------ Data section ------

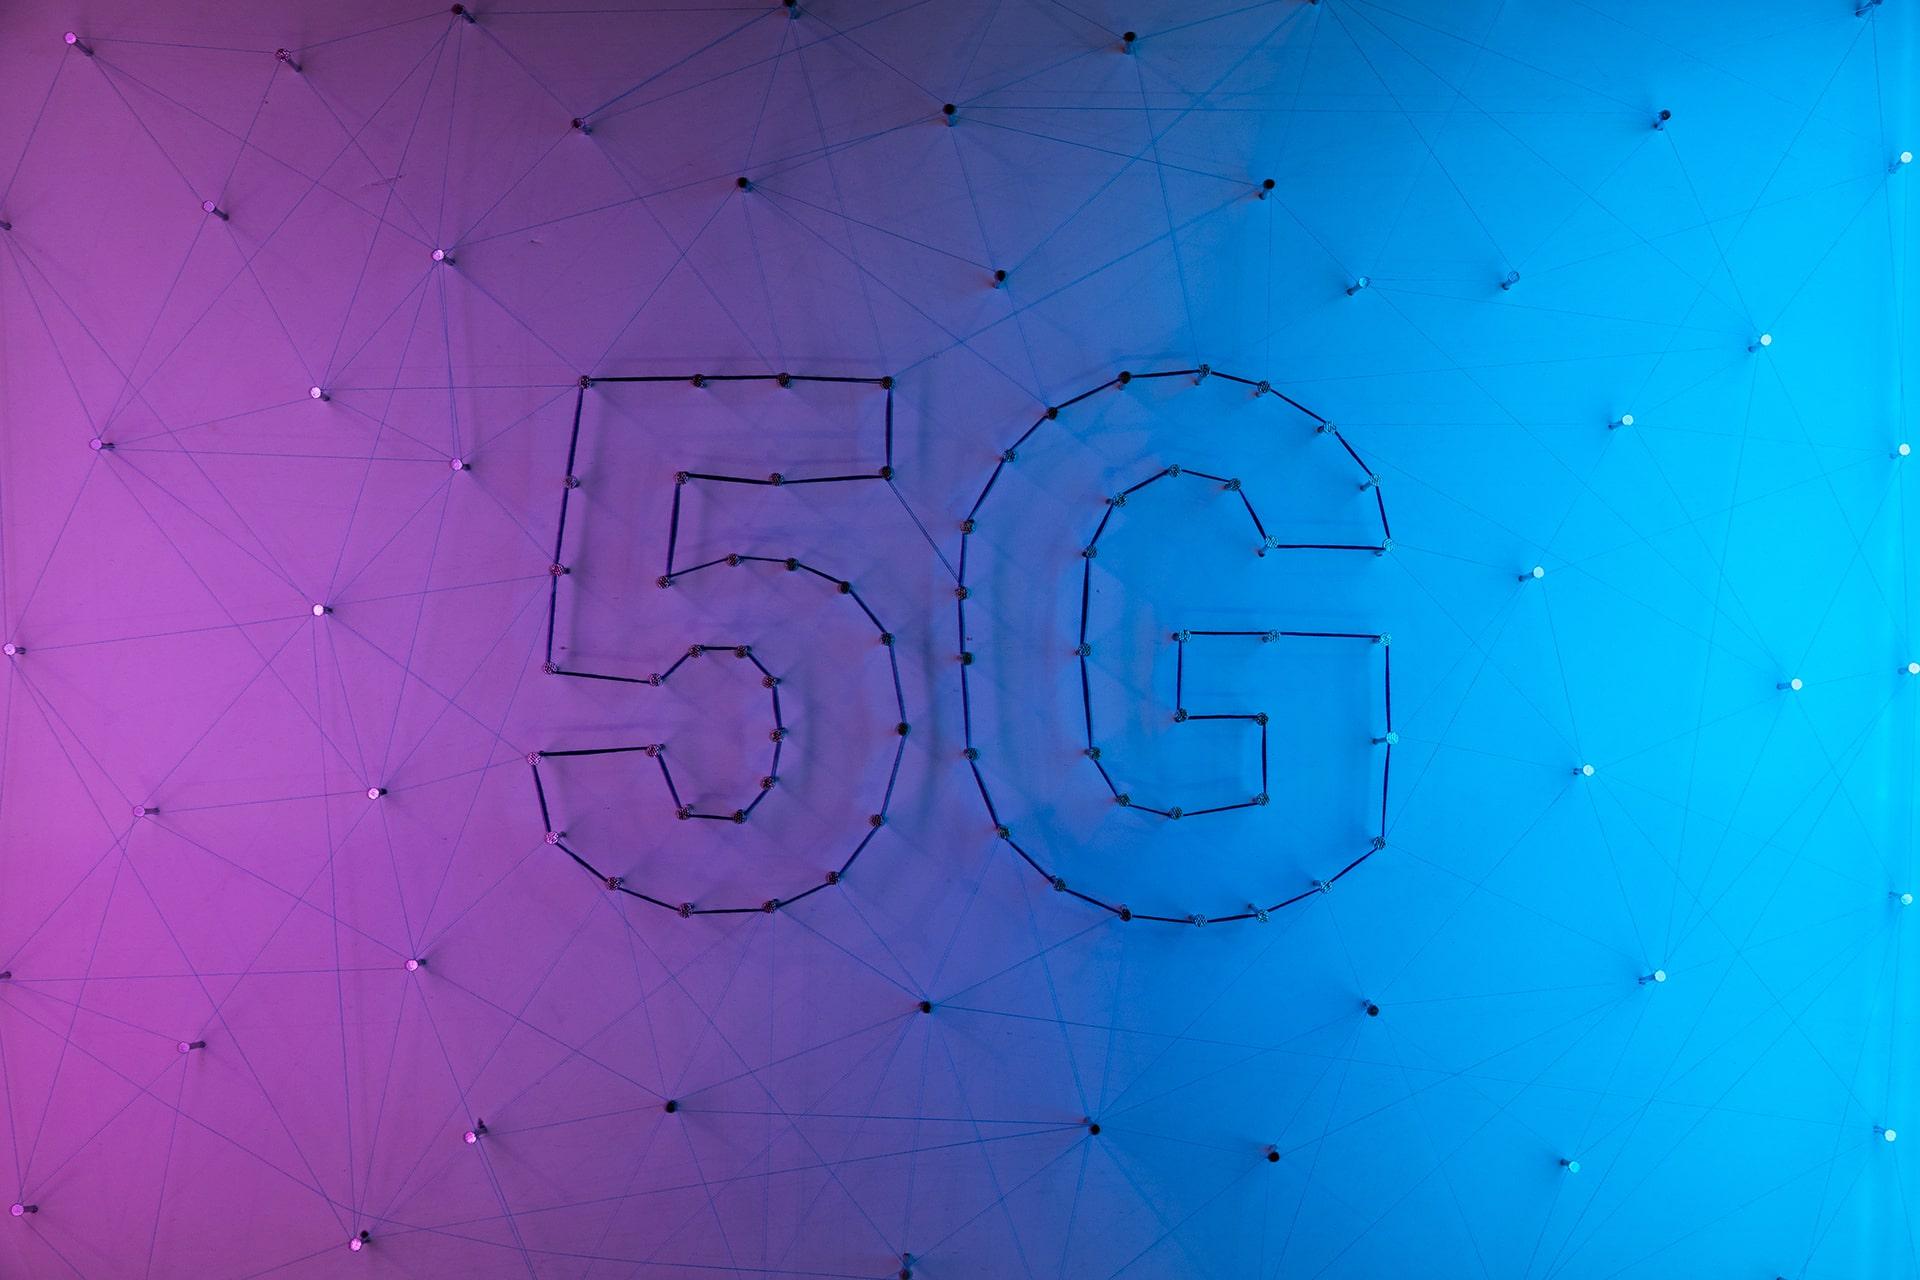 Altro che 5G: con i campi elettromagnetici attuali la popolazione e la vita planetaria sono già a rischio
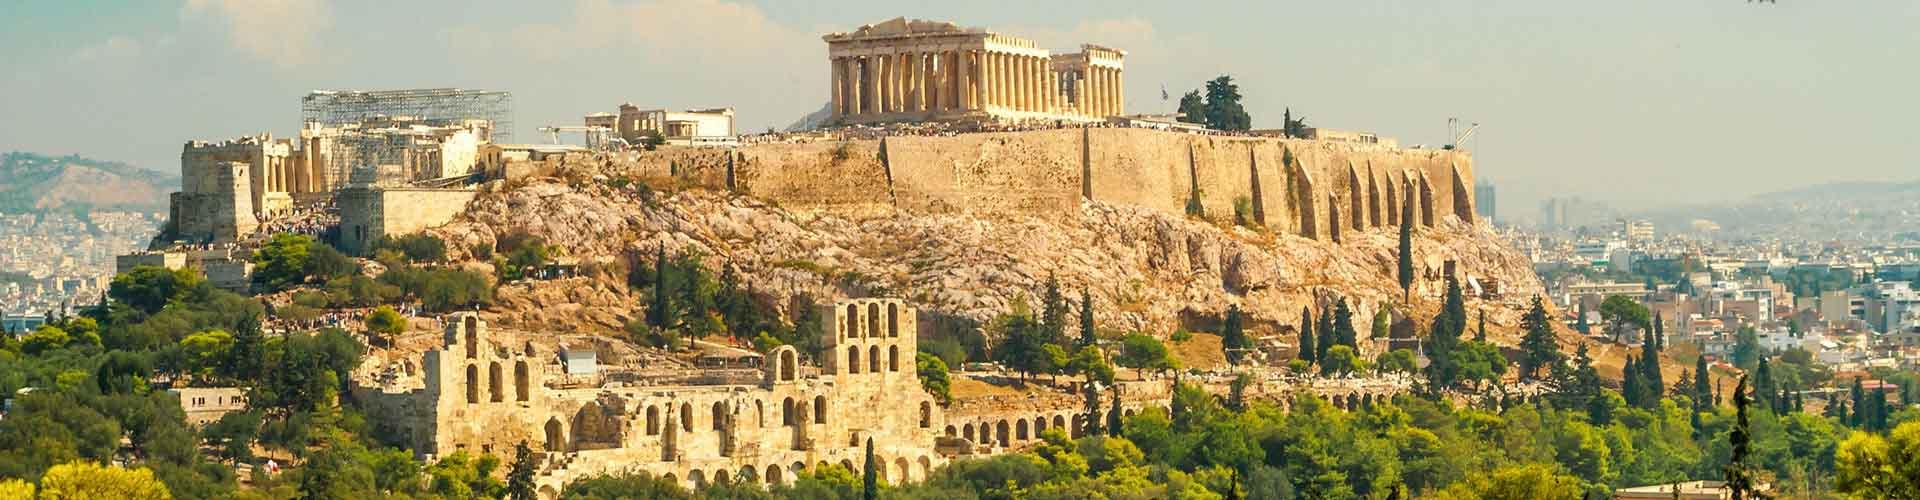 Athenes - Appartements dans le quartier de Exarcheia. Cartes pour Athenes, photos et commentaires pour chaque appartement à Athenes.
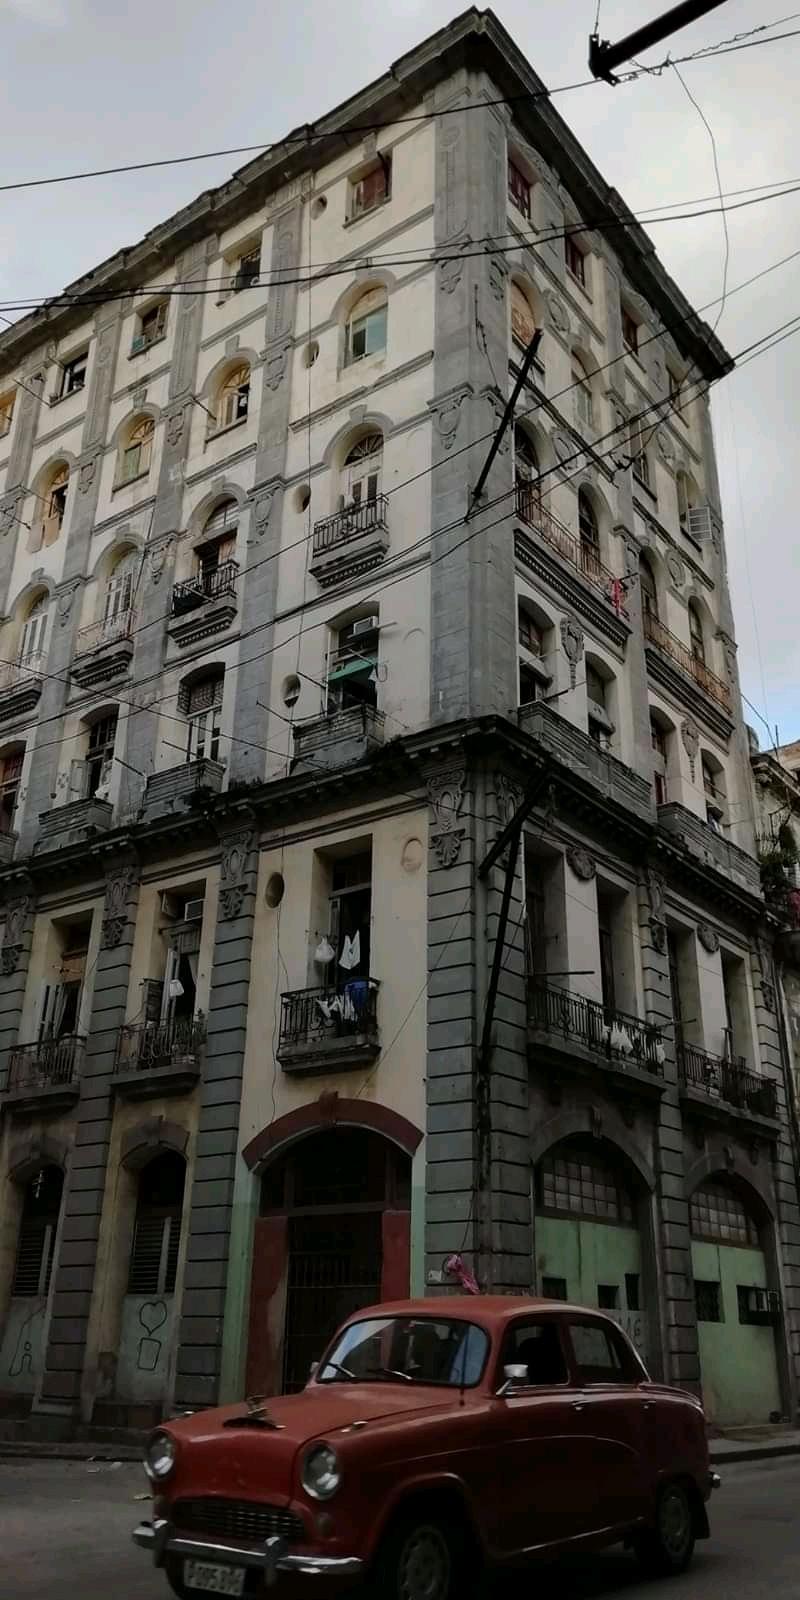 Hotel Ritz Habana calle Neptuno y Perseversncia
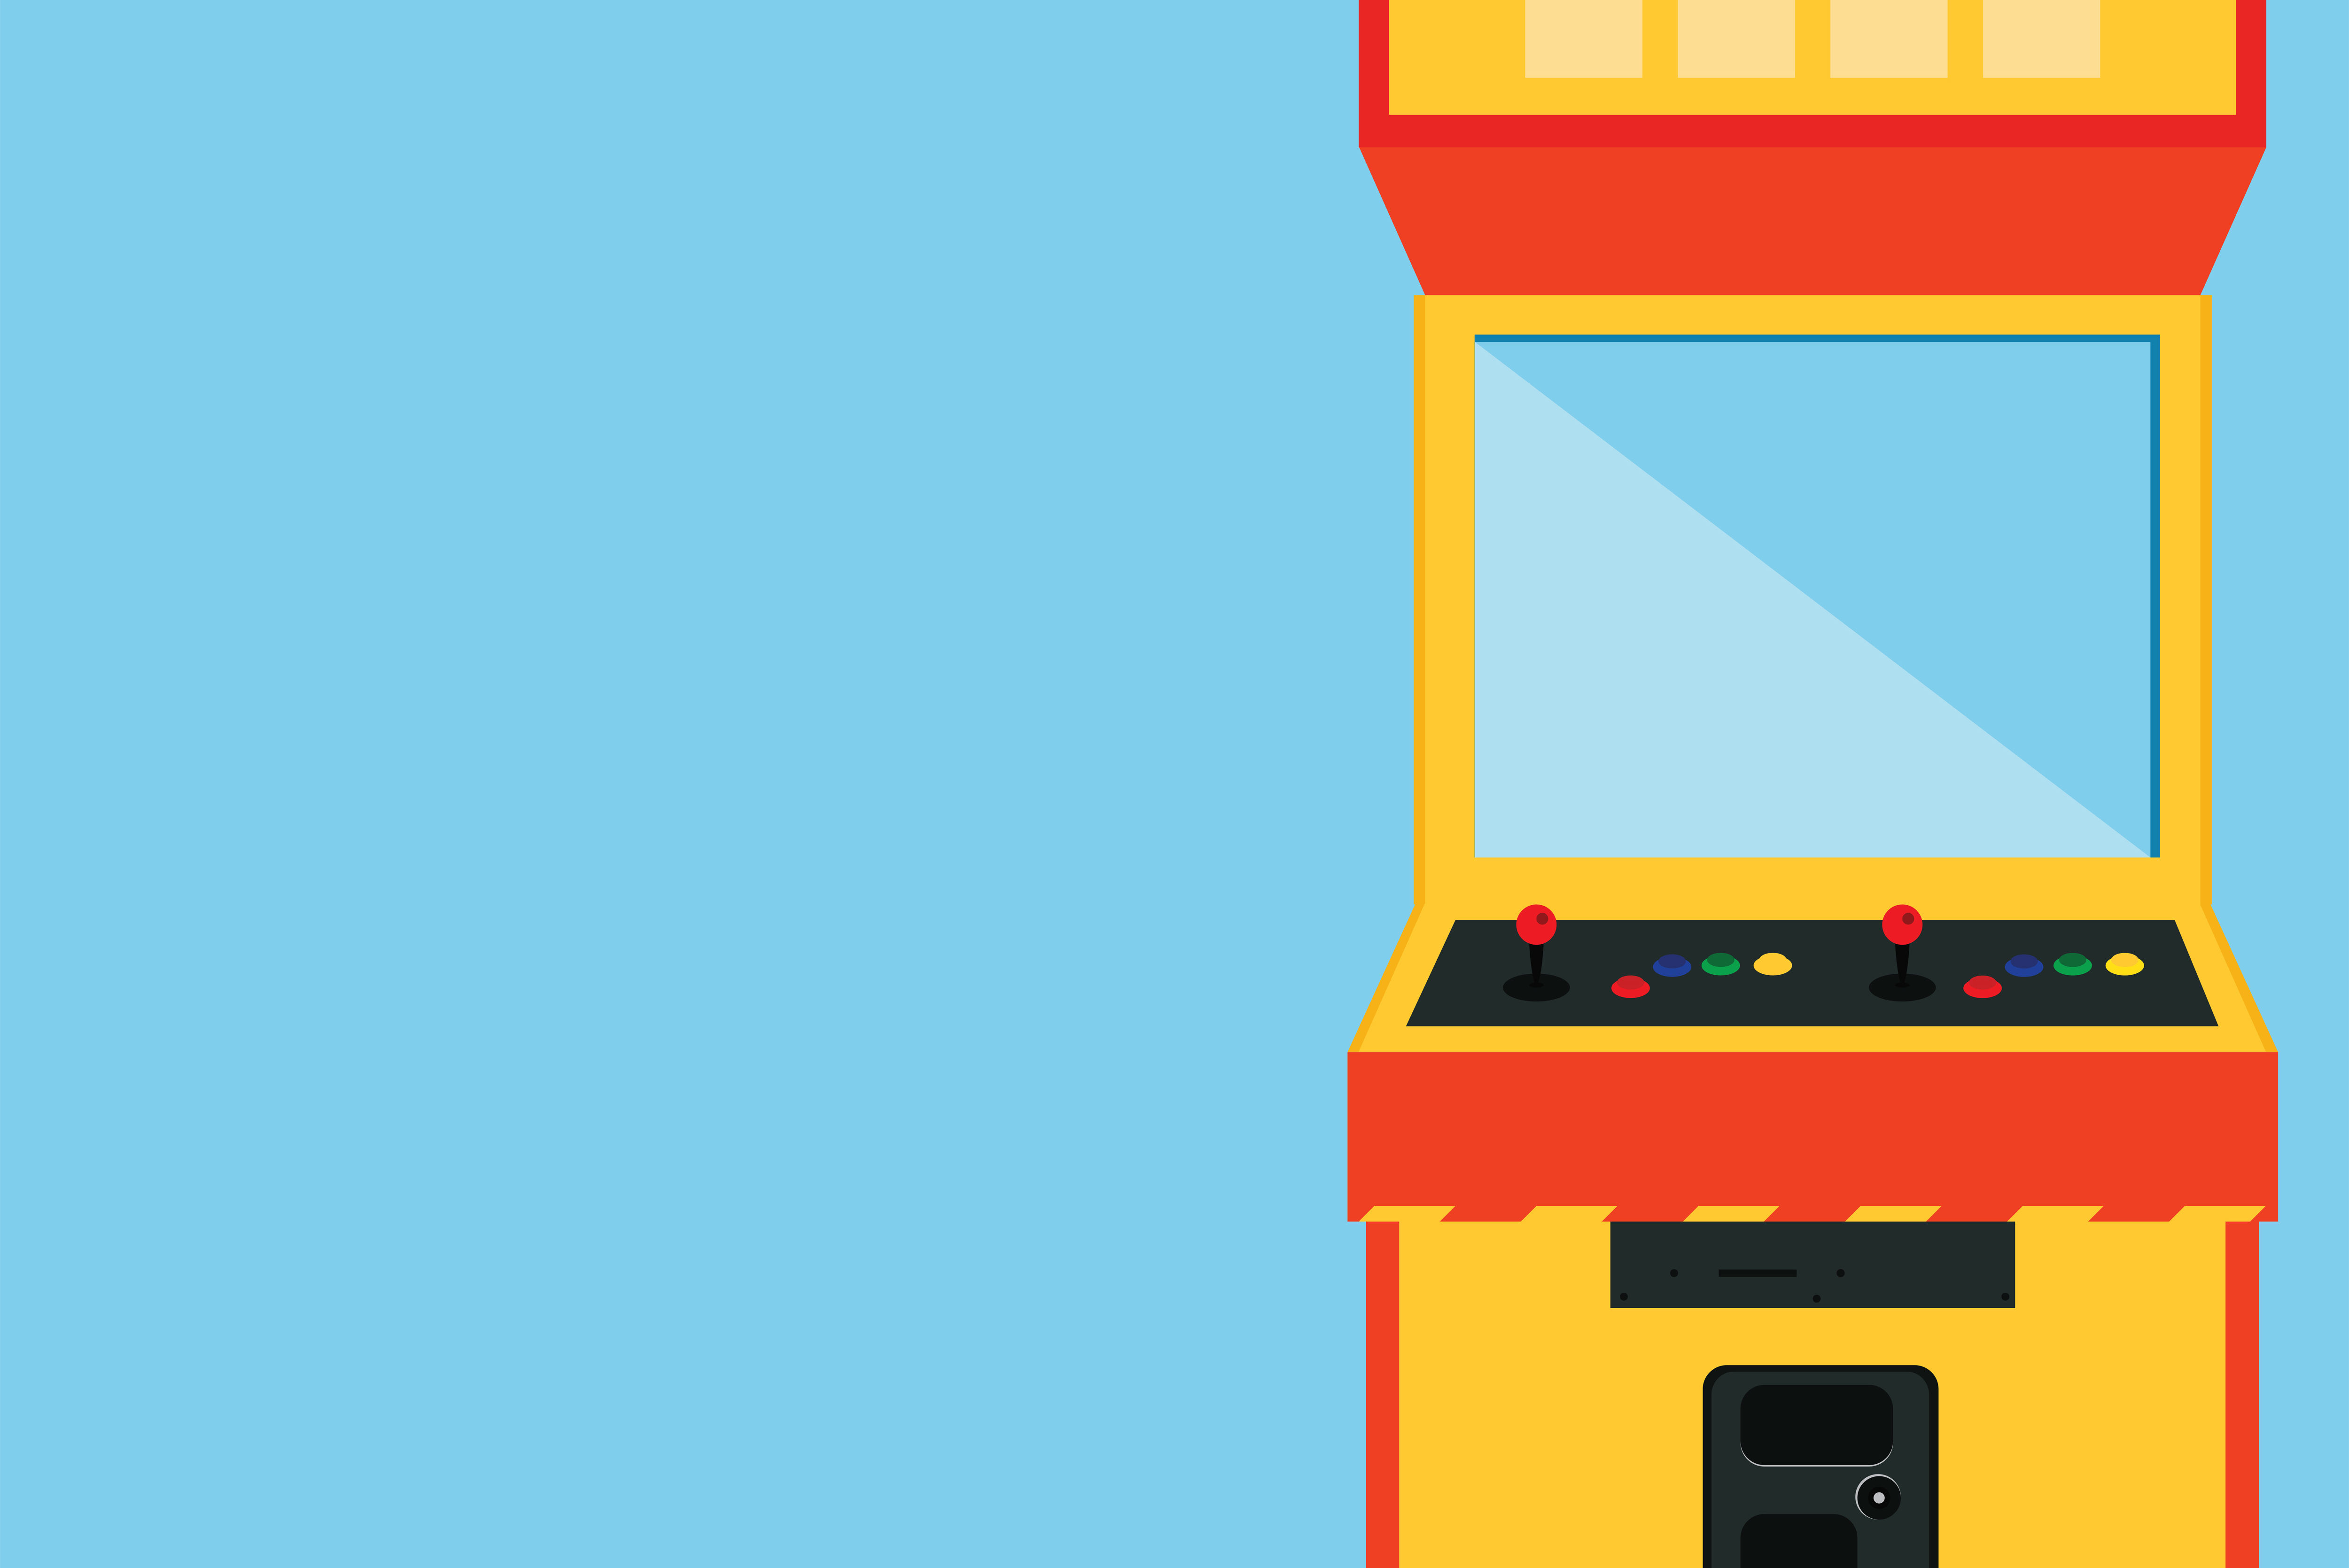 Pomo 0816 arcade pqv74a

------

> [Directions for this task] Take the line containing "Hotel Ritz Habana" through the last line of the material and retype exactly those lines, both ends included, with no pictures.

> [Output below]
 Hotel Ritz Habana calle Neptuno y Perseversncia
 Pomo 0816 arcade pqv74a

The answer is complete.